AIM OF THE EXERCISE: Which lines below fall between the one containing "Putin: Nga sẽ" and the one containing "Super Faça você"? Repeat them exactly, counting both of those lines, and add nothing else.

PROVIDED RECORDS:
************
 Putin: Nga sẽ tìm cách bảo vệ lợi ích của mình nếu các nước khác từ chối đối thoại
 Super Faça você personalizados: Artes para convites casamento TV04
************
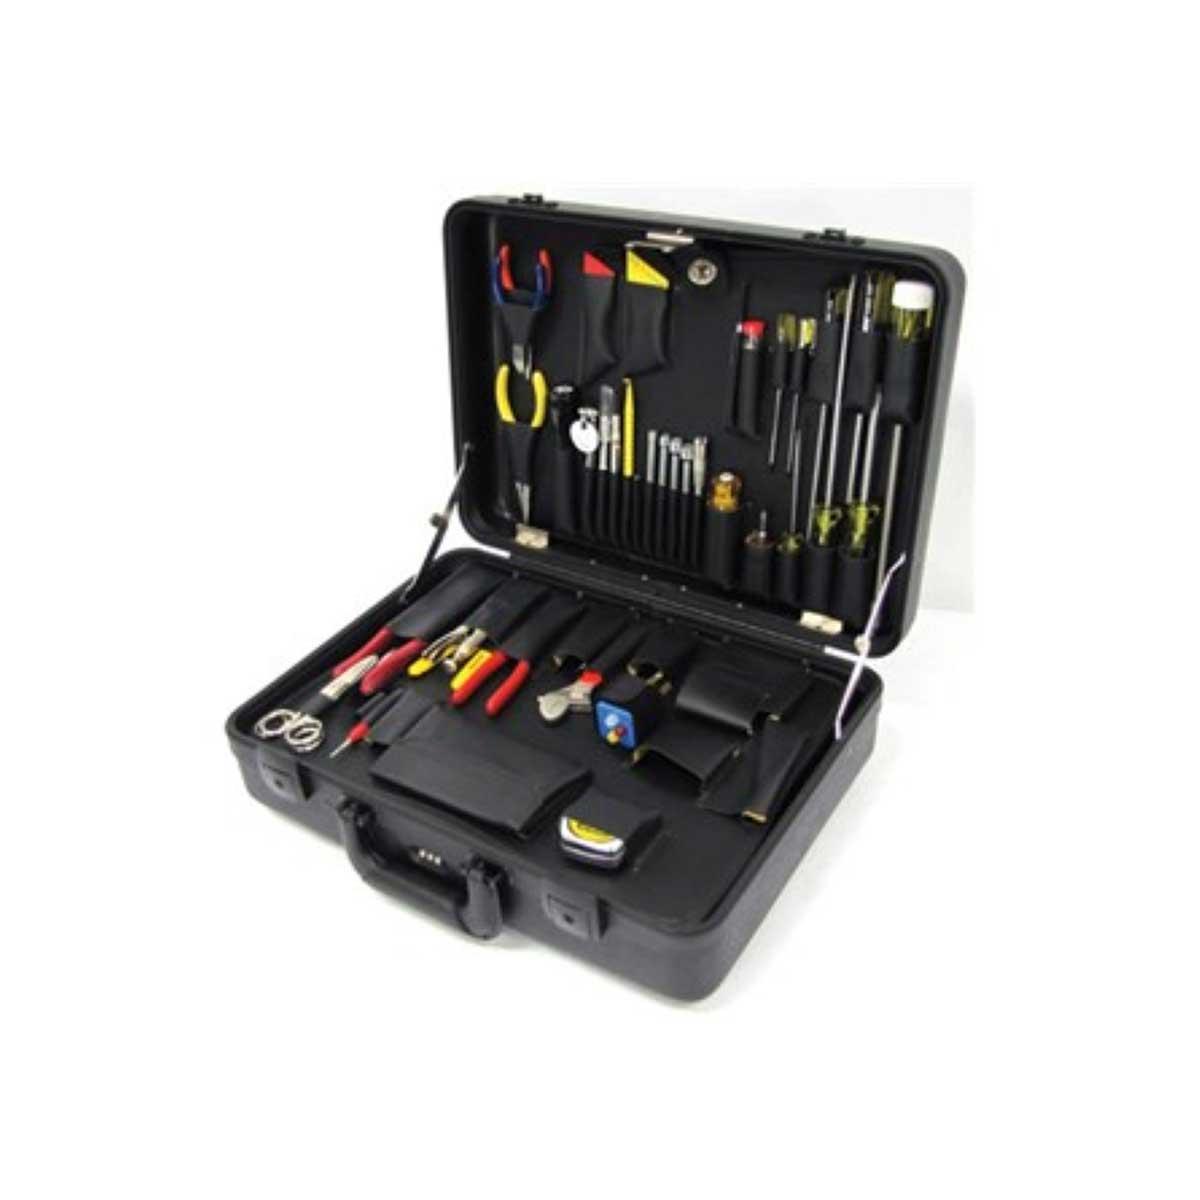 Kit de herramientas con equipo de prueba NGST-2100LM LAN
************
EXERCISE RESPONSE:
 Putin: Nga sẽ tìm cách bảo vệ lợi ích của mình nếu các nước khác từ chối đối thoại
 Super Faça você personalizados: Artes para convites casamento TV04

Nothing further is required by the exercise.